Le cercle de discussion reste le plus accessible. Installez les chaises en cercle, sans table, et faites parler chacun à tour de rôle : ce qui lui donne de l’énergie au travail, ce qui la lui retire, ce dont il a besoin de la part des autres pour bien travailler. Personne ne commente, personne ne conseille : on écoute. L’exercice convient particulièrement aux équipes qui communiquent mal ou qui peinent à travailler ensemble, et il se règle en quarante-cinq minutes.

La carte de l’équipe demande un paperboard. Chacun vient placer son point sur deux axes — plutôt réservé ou plutôt expressif, plutôt tourné vers les tâches ou plutôt vers les personnes — puis explique son choix en une phrase. L’équipe découvre d’un coup d’œil ses zones denses et ses zones vides : une équipe sans profil consciencieux ne relira pas ses chiffres toute seule.

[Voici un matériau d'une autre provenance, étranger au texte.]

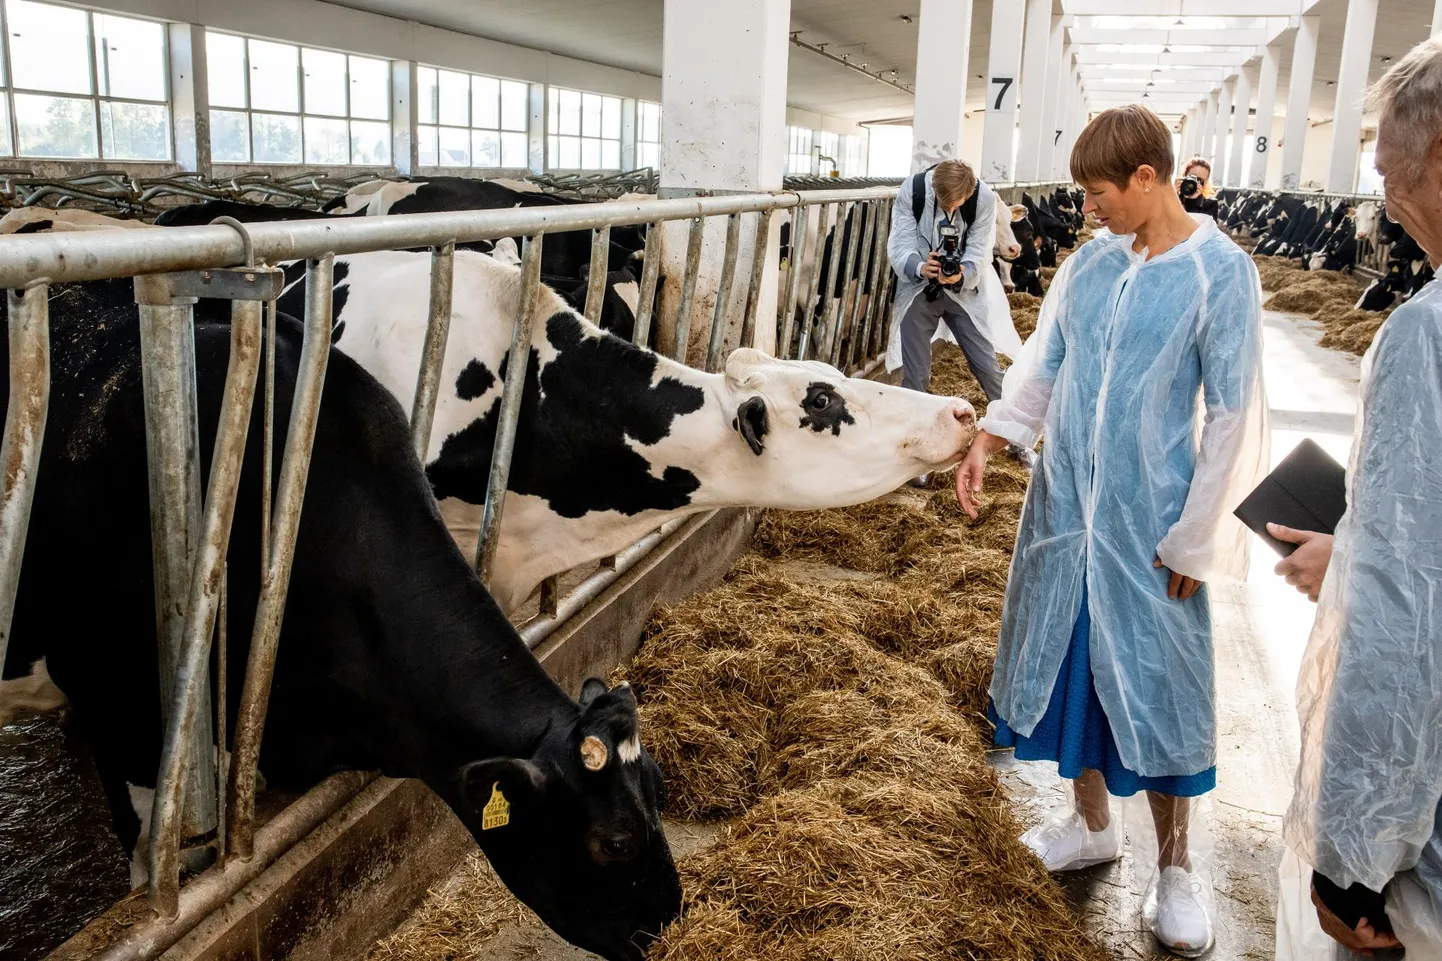 Suurlaudas kasutatakse põhuallapanu, lehmad on puhtad ja rahuolevad ning uudistavad meelsasti president Kersti Kaljulaidi kätt.
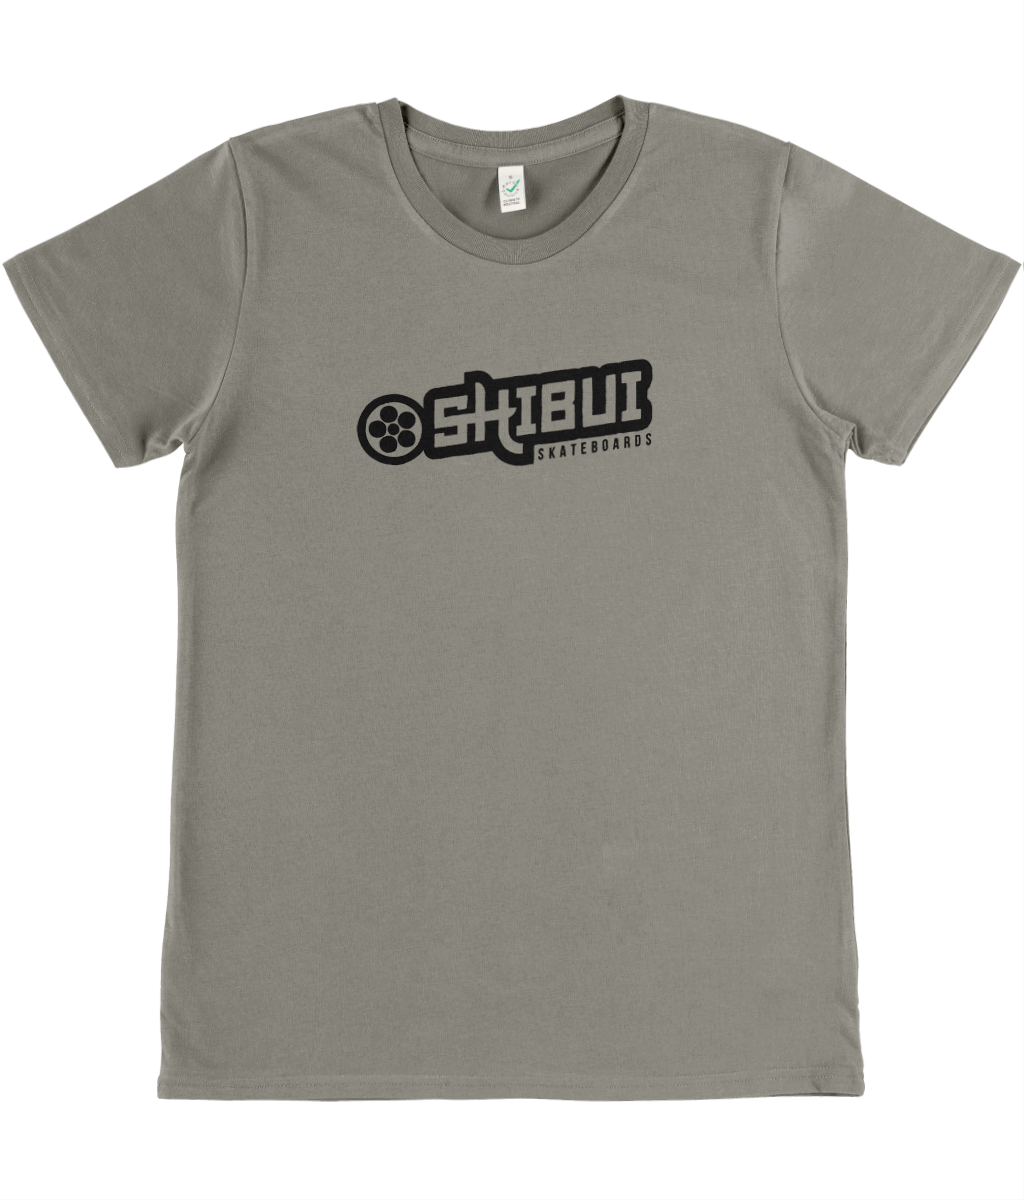 Womens Shibui Skate logo T-Shirt

La traduction d’un message clôt utilement la journée. Prenez une annonce réelle, une réorganisation, un nouvel objectif, et demandez à quatre sous-groupes de la reformuler pour chacune des quatre tendances. La comparaison des quatre versions vaut tous les exposés sur l’écoute.

Ce que le DISC change dans une équipe

Le DISC est un bon support de team building parce qu’il donne à l’équipe un langage commun et une façon non agressive de parler des différences. Il aide chacun à situer ses points d’appui et ses angles morts, ce qui compte lorsqu’on cherche à faire progresser la performance collective.

Il sert aussi à améliorer son management au quotidien : un responsable d’équipe s’y connaît mieux lui-même et comprend mieux les collaborateurs dont il a la charge. En adaptant sa manière de communiquer à chacun, il gagne en efficacité managériale sans rien céder sur le fond.

Reste qu’un atelier ne remplace pas le travail de fond. Si les tensions viennent d’objectifs contradictoires, d’un manque de moyens ou d’un défaut de décision, aucune grille comportementale ne les résoudra ; d’autres outils, comme le MBTI en team building, n’y parviendront pas davantage. Le DISC facilite le dialogue : c’est déjà beaucoup, à condition de ne pas lui demander plus.